L’âge nu des nuages disparus

J’aimais parler aux nuages, aux cumulus épars

(pas aux chaudières du réchauffement climatique)

Ils changeaient de visage sous les parpaings du ciel

Et leurs avis différaient selon le sens du vent

Parfois je me taisais, les regardais passer, mus

Par le vol de myriades d’oiseaux qui les poussaient

Jusqu’aux frontières du désert, où ils fondaient en larmes

Sans que j’en sache rien. La voûte céleste était alors un monde

plus aride encore, pas un bourgeon de vapeur blanche

Ne naviguait, pas de stratonimbus, de cirrus en troupeaux,

Pas même les traits tirés par la houache des avions surchargés.

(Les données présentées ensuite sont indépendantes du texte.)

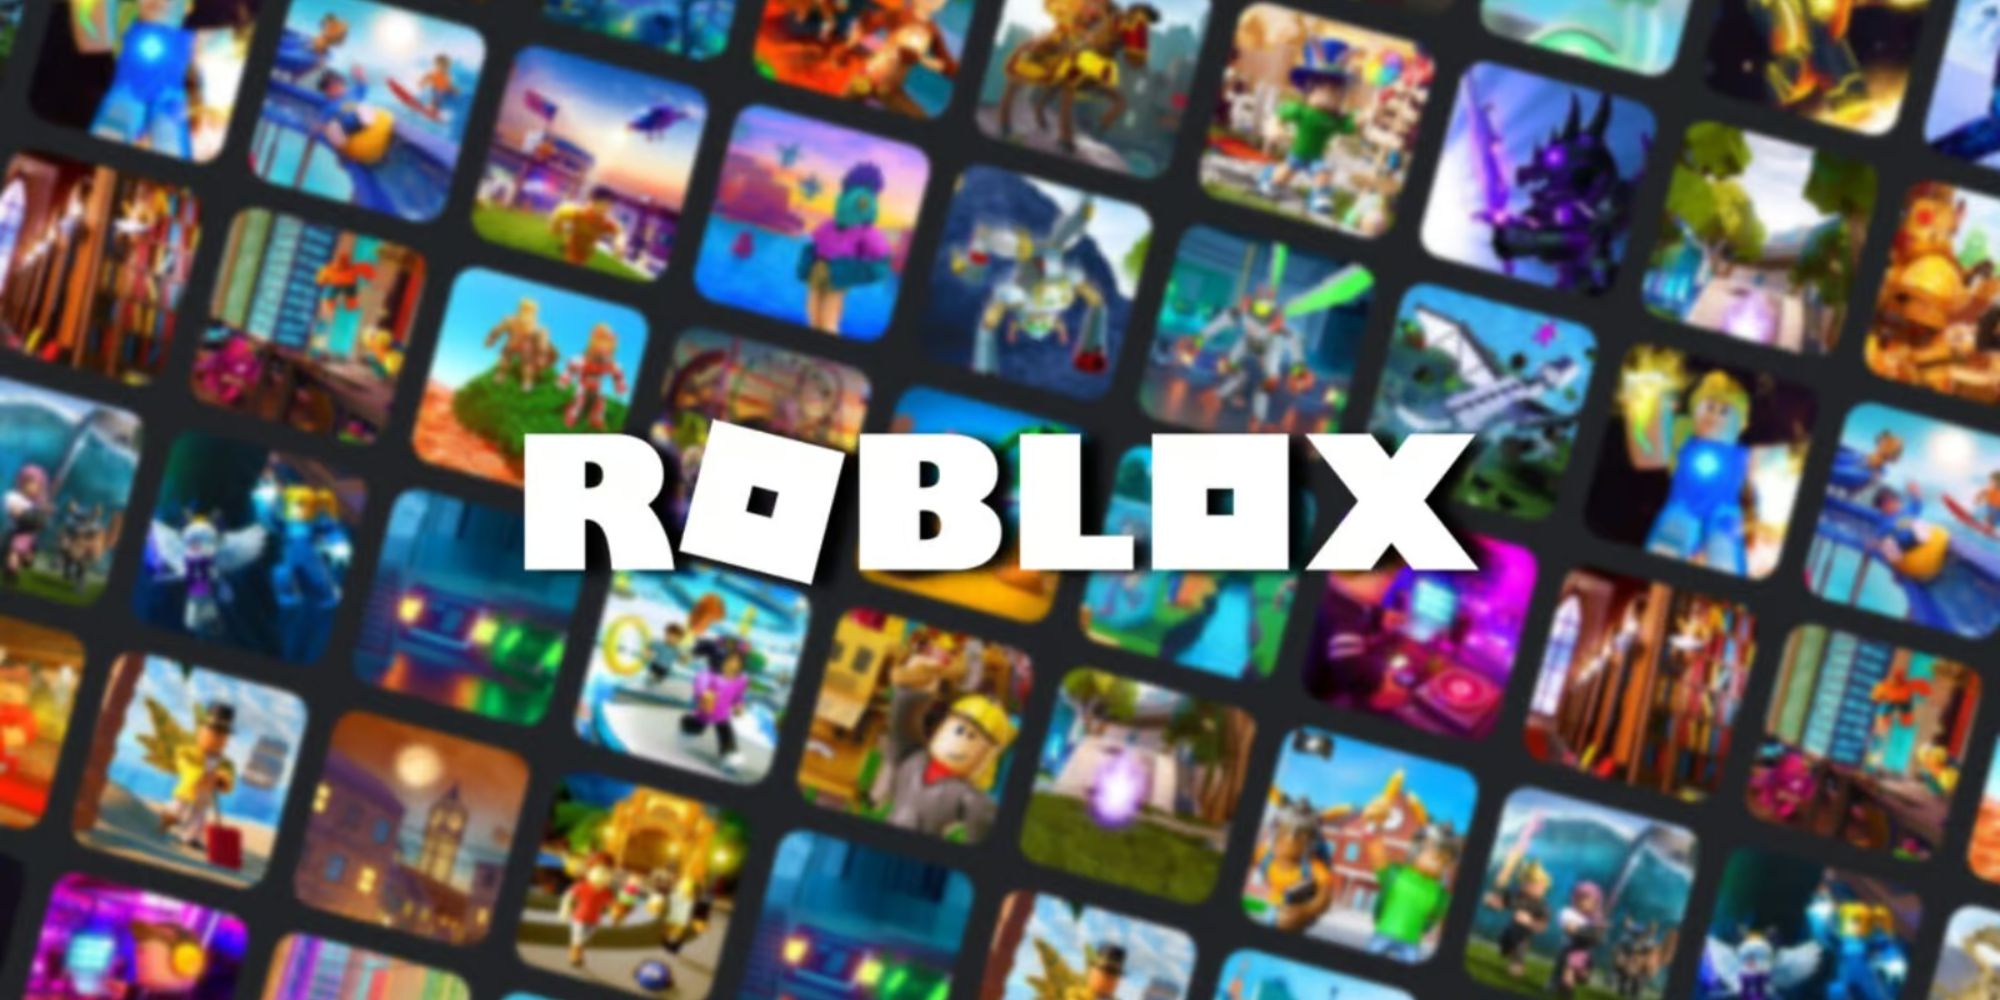 Roblox to Employees: Return to Office or Take Severance

Toute trace avait disparu. Je dus alors, pour perdre mes rêveries

Plonger mes yeux dans les tiens : ils avaient la couleur séraphique

Du blanc de l’œil des vierges, et le bleuté magique des iris

Que les peintres à coups de pinceaux teignent d’étrange façon

Mais voyant le masque dérisoire de ton visage pâle j’ai préféré plonger

Dans la mer écumante, m’enfoncer sans ailes, tel Icare désespéré

D’avoir fui les nuages à l’ombre de sa vie, et les avions de ligne

Qui dessinaient dans le ciel leurs mailles polluantes, altocumulus

Et vapeurs d’eau disparues à jamais dans l’azur de l’ultime voyage.